To study the possible influence of cell-cycle delay on cells reaching mitosis during conventional radiation-induced chromatid break experiments using colcemid as a blocking agent, we have compared the chromatid break kinetics following a single dose of gamma rays (0.75 Gy) in metaphase CHO cells using calyculin-induced premature chromosome condensation (PCC), with those using colcemid block. Calyculin-induced PCC causes very rapid condensation of G2 cell chromosomes without the need for a cell to progress to mitosis, hence eliminating any effect of cell-cycle checkpoint on chromatid break frequency. We found that the kinetics of the exponential first-order decrease in chromatid breaks with time after irradiation was similar (not significantly different) between the two methods of chromosome condensation. However, use of the calyculin-PCC technique resulted in a slightly increased rate of disappearance of chromatid breaks and thus higher frequencies of breaks at 1.5 and 2.5 h following irradiation. We also report on the effect of the nucleoside analogue ara A on chromatid break kinetics using the two chromosome condensation techniques. Ara A treatment of cells abrogated the decrease in chromatid breaks with time, both using the calyculin-PCC and colcemid methods. We conclude that cell-cycle delay may be a factor determining the absolute frequency of chromatid breaks at various times following irradiation of cells in G2 phase but that the first-order disappearance of chromatid breaks with time and its abrogation by ara A are not significantly influenced by the G2 checkpoint.

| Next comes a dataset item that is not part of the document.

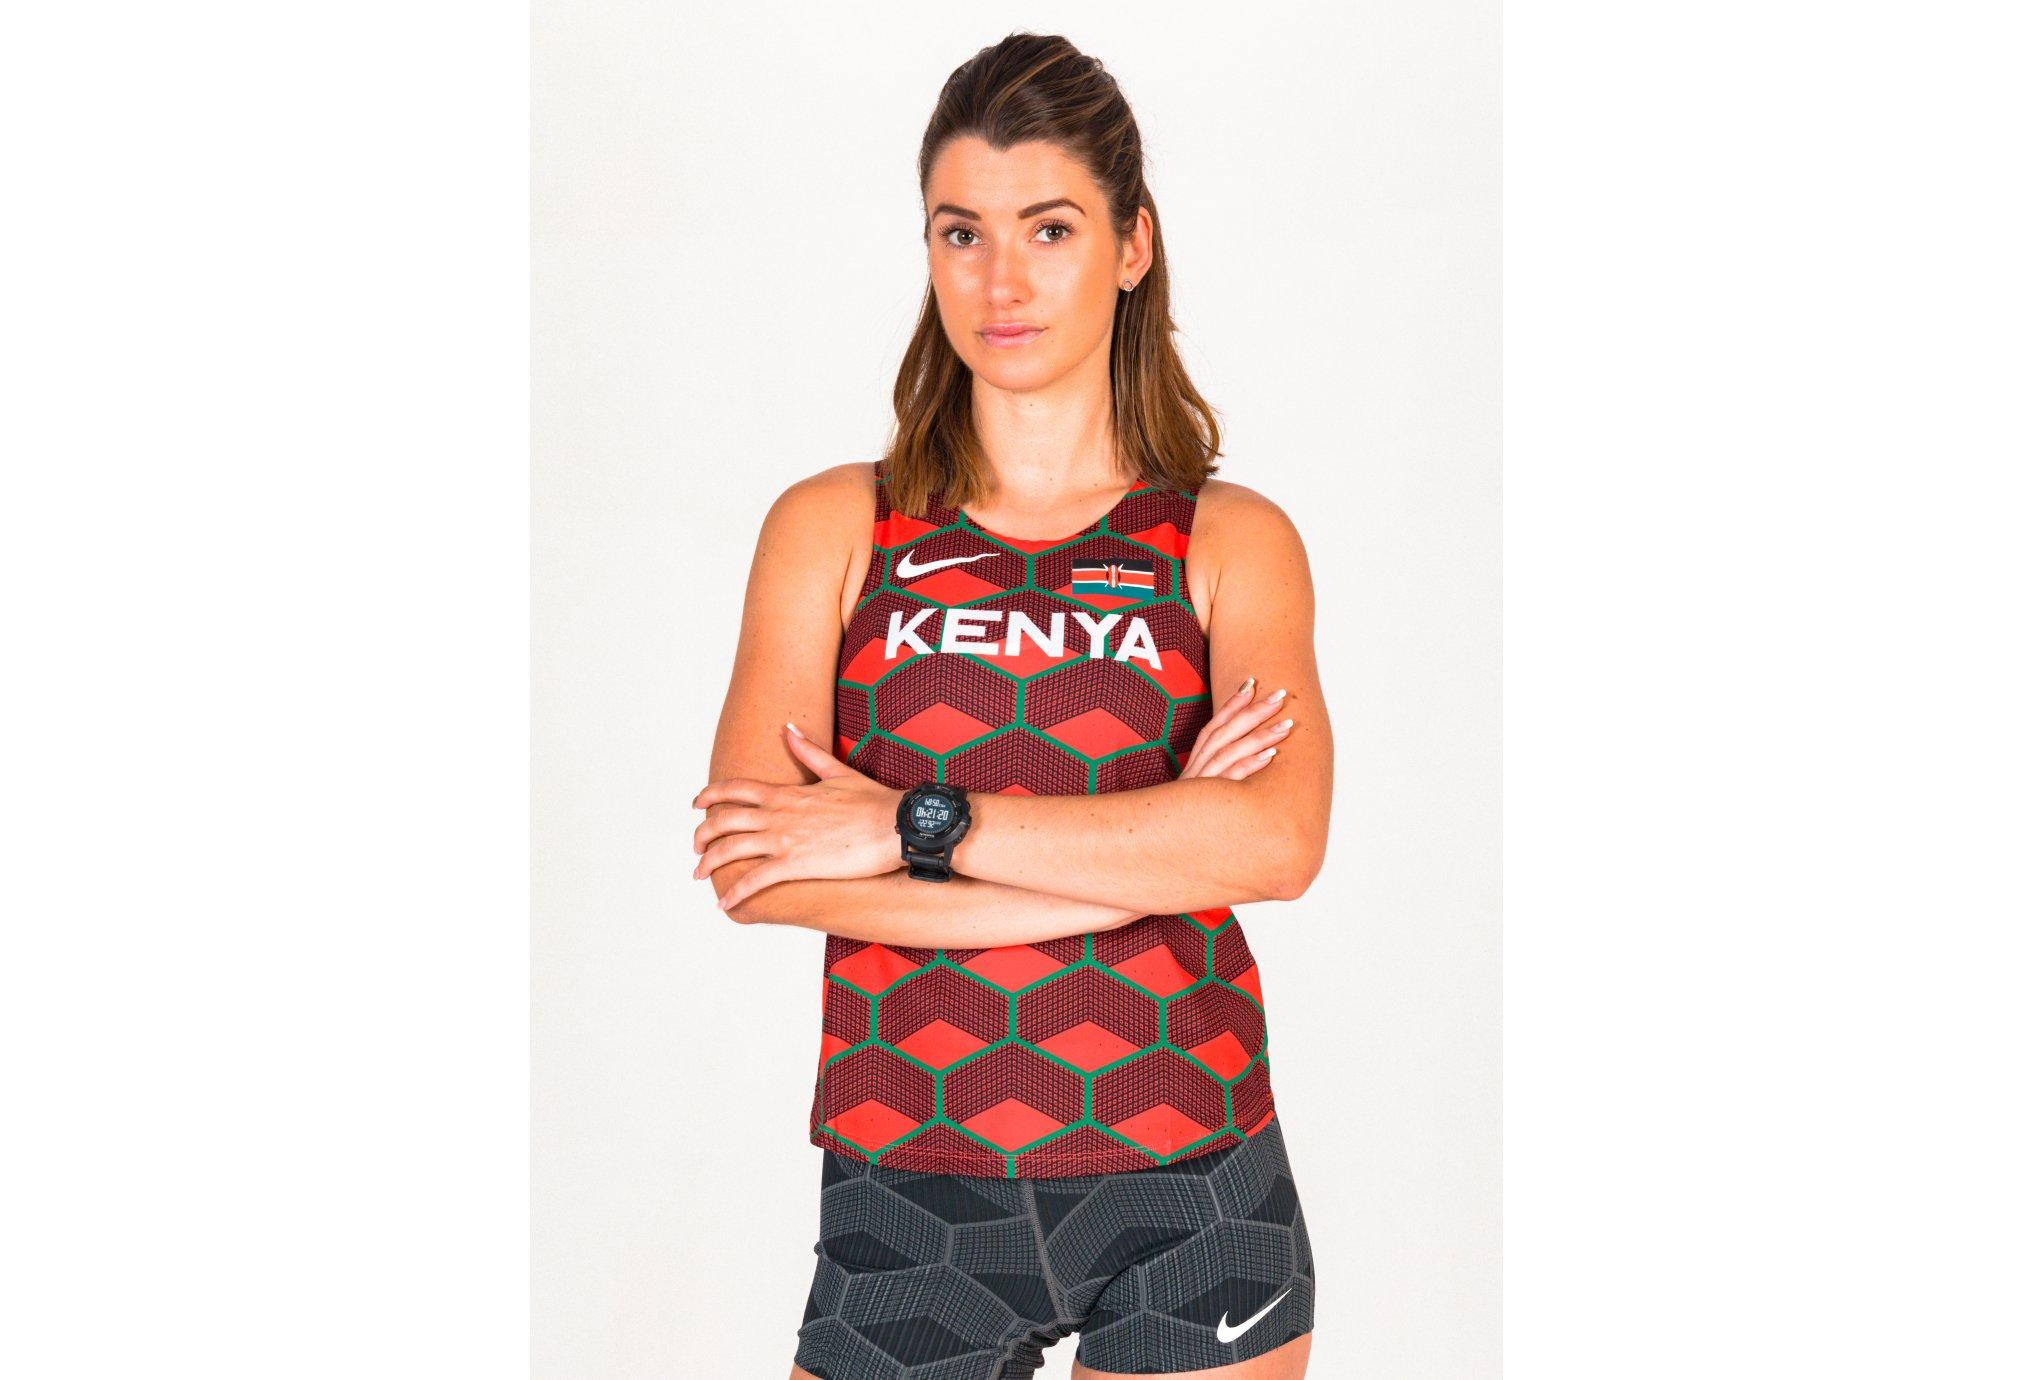 Nike AeroSwift Team Kenya W vêtement running femme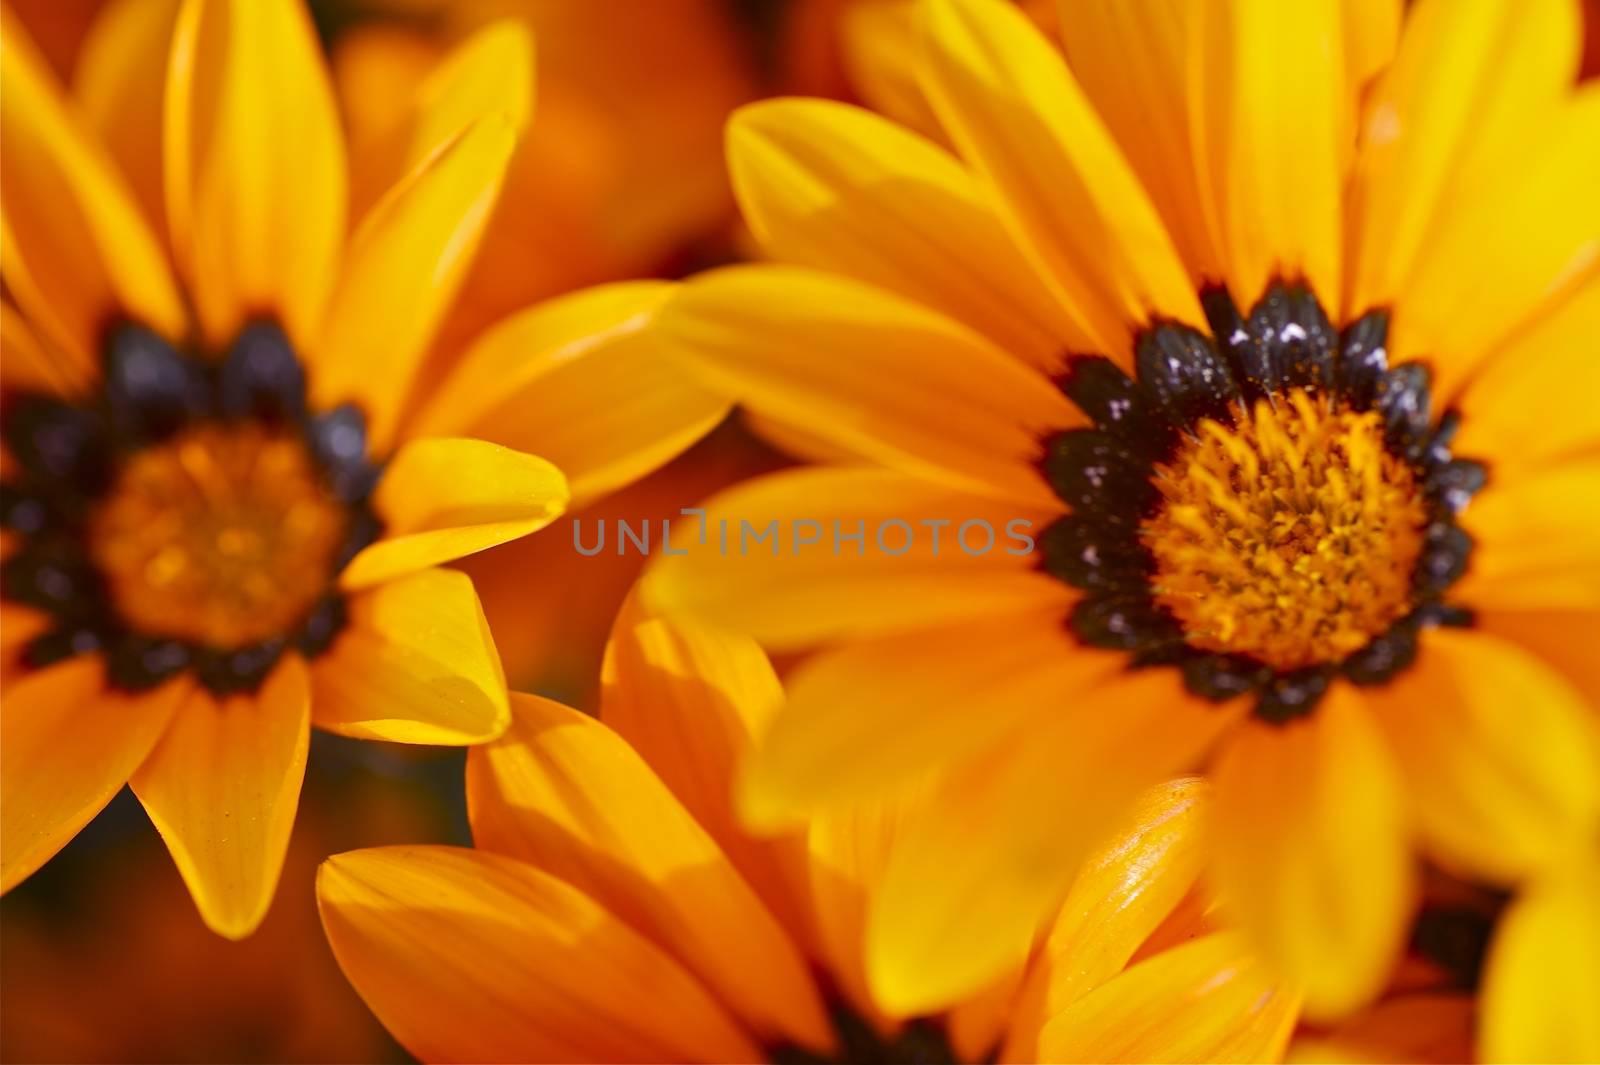 Orange Beauty. Beautiful Small Orange Spring Flowers. Macro Photography. Flower Photo Collection.

机译:若要研究细胞周期延迟对使用秋水仙碱作为阻断剂的常规辐射诱导的染色单体破坏实验中细胞到达有丝分裂的可能影响,我们比较了在中期CHO中单剂量γ射线(0.75 Gy)后的染色单体破坏动力学细胞使用calyculin诱导的早熟染色体浓缩(PCC),而使用colcemid阻断剂的细胞。 Calyculin诱导的PCC导致G2细胞染色体非常快速的凝聚,而无需细胞发展为有丝分裂,因此消除了细胞周期检查点对染色单体断裂频率的任何影响。我们发现,两种染色体浓缩方法在辐照后,染色单体断裂随时间呈指数级下降的动力学相似(​​无显着差异)。但是,使用calyculin-PCC技术会导致染色单体断裂的消失率略有增加,因此照射后1.5和2.5 h断裂的频率更高。我们还报告了使用两种染色体缩合技术的核苷类似物ara A对染色单体断裂动力学的影响。 Ara通过使用calyculin-PCC和colcemid方法对细胞的处理消除了染色单体断裂随时间的减少。我们得出结论,细胞周期延迟可能是决定细胞在G2期照射后各个时间染色单体断裂的绝对频率的一个因素,但是染色单体断裂的一阶消失随时间的变化以及其ara A的废除不会受到显着影响由G2检查站执行。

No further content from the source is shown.